▸ WHAT TO PRODUCE
Transcribe each line below verbatim; pictures excluded.

▸ THE DATA
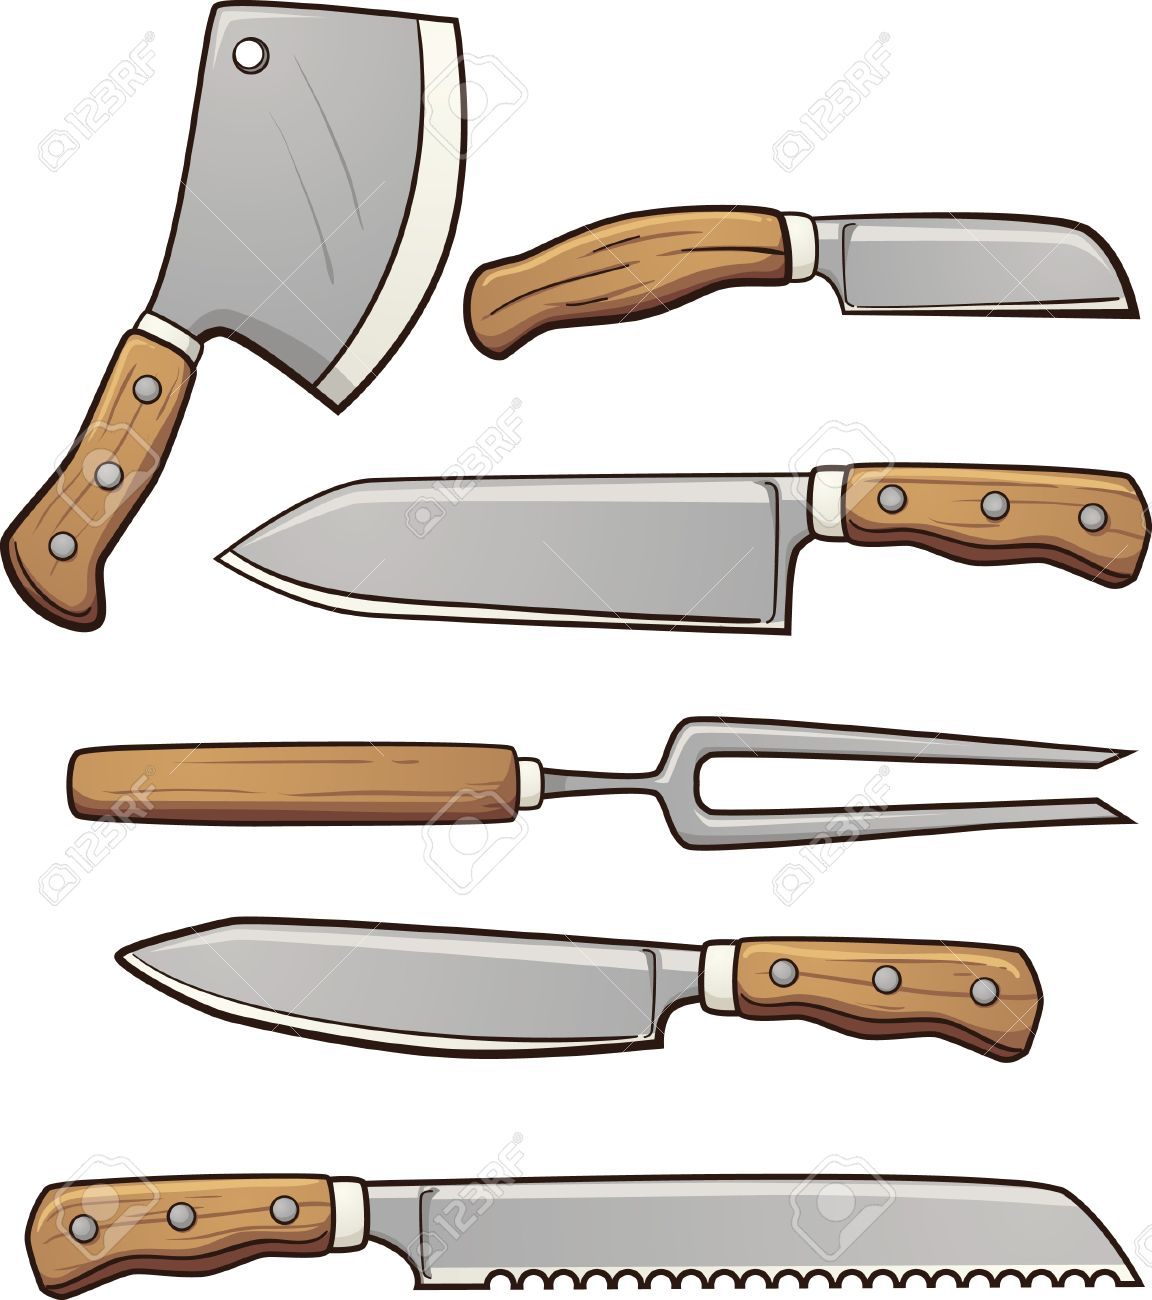 Küchenmesser clipart  Cartoon Küchenmesser. Vektor-Clipart-Illustration Mit Einfachen ...
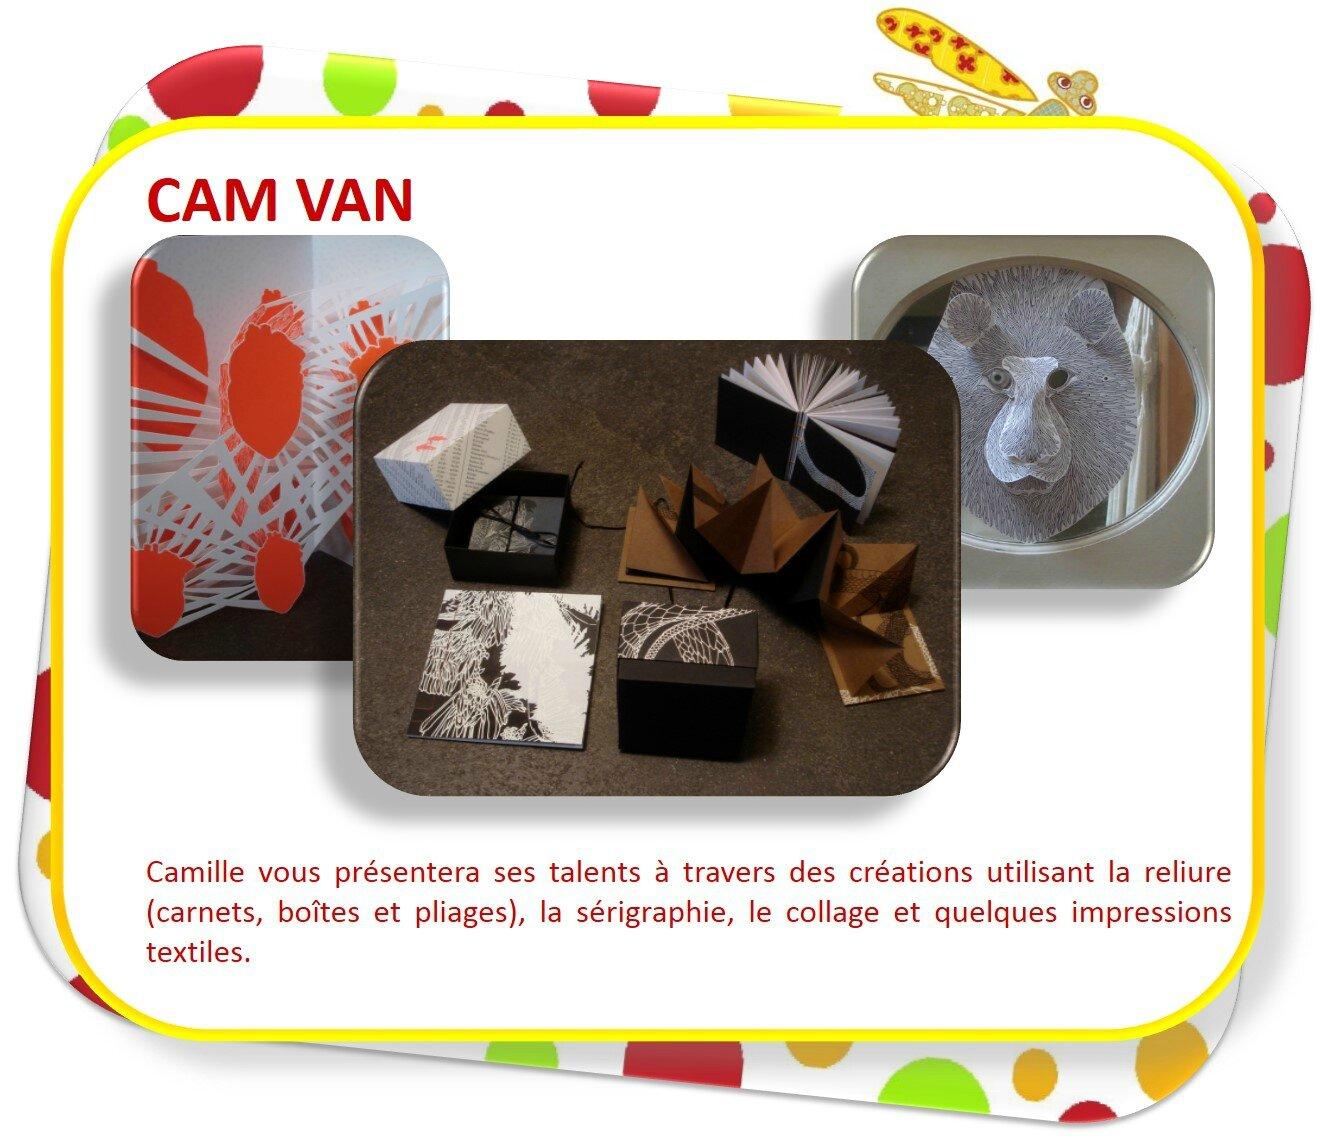 CAM VAN
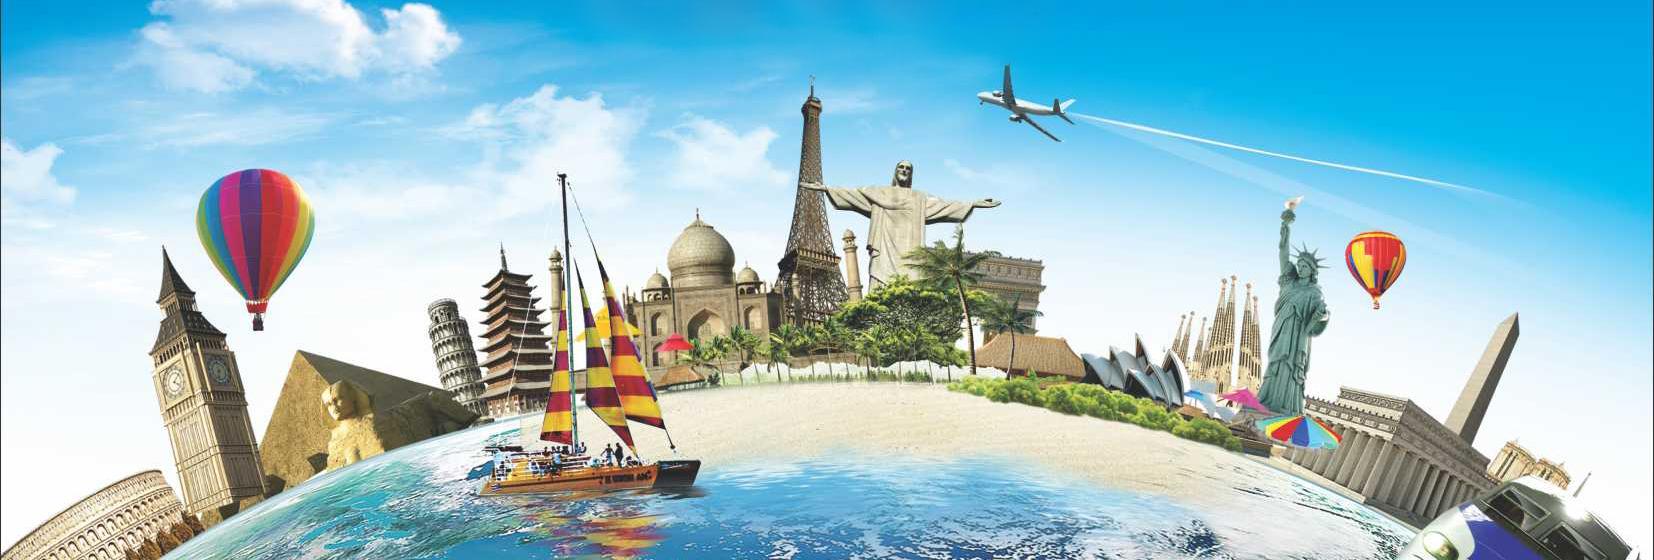 8 definiciones para entender qué es el turismo
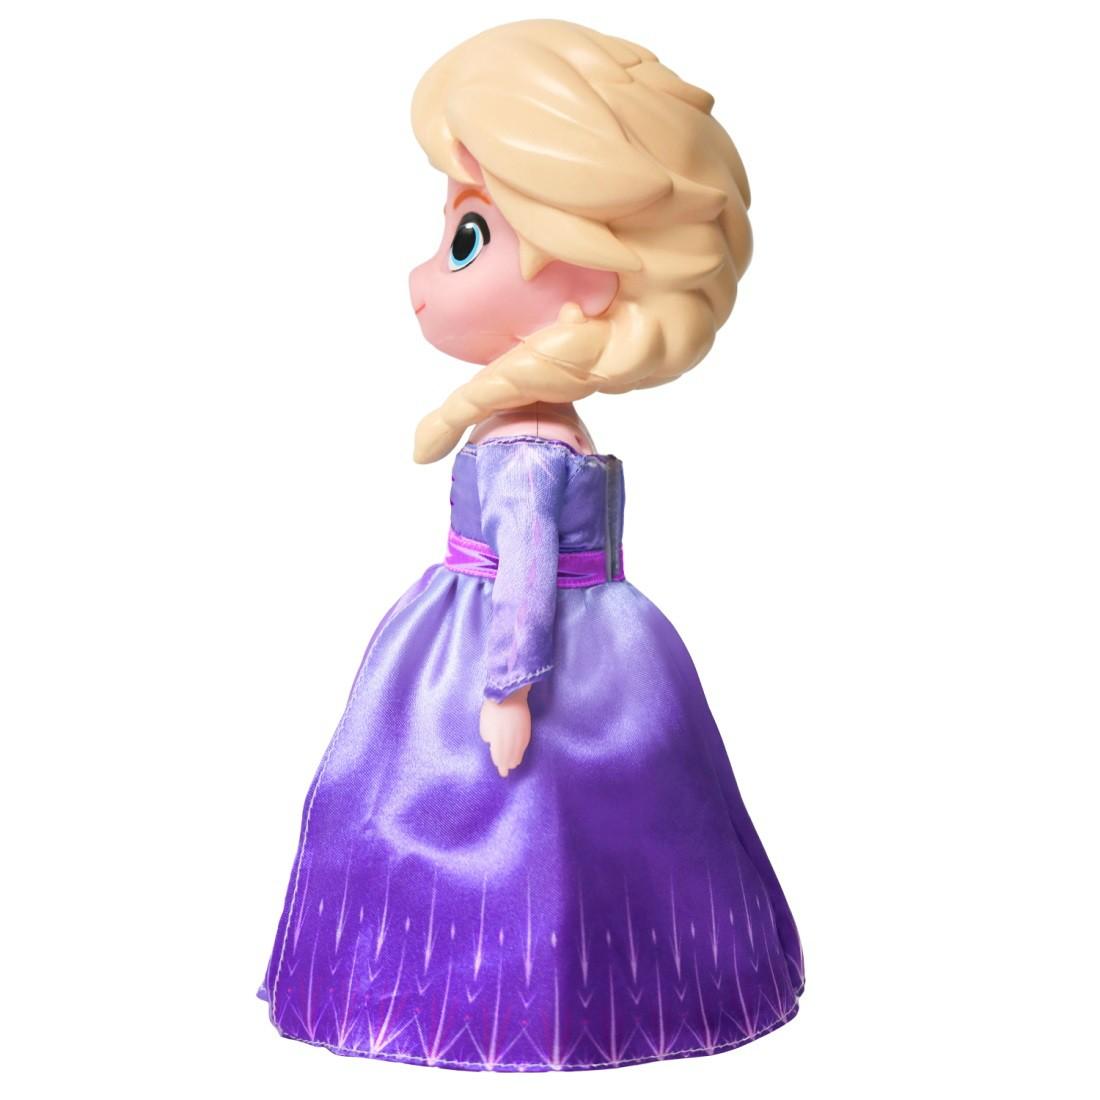 Boneca Dançarina Elsa Frozen 2 Disney com Luzes e Música do Filme

▸ TASK SOLUTION
 Küchenmesser clipart  Cartoon Küchenmesser. Vektor-Clipart-Illustration Mit Einfachen ...
 CAM VAN
 8 definiciones para entender qué es el turismo
 Boneca Dançarina Elsa Frozen 2 Disney com Luzes e Música do Filme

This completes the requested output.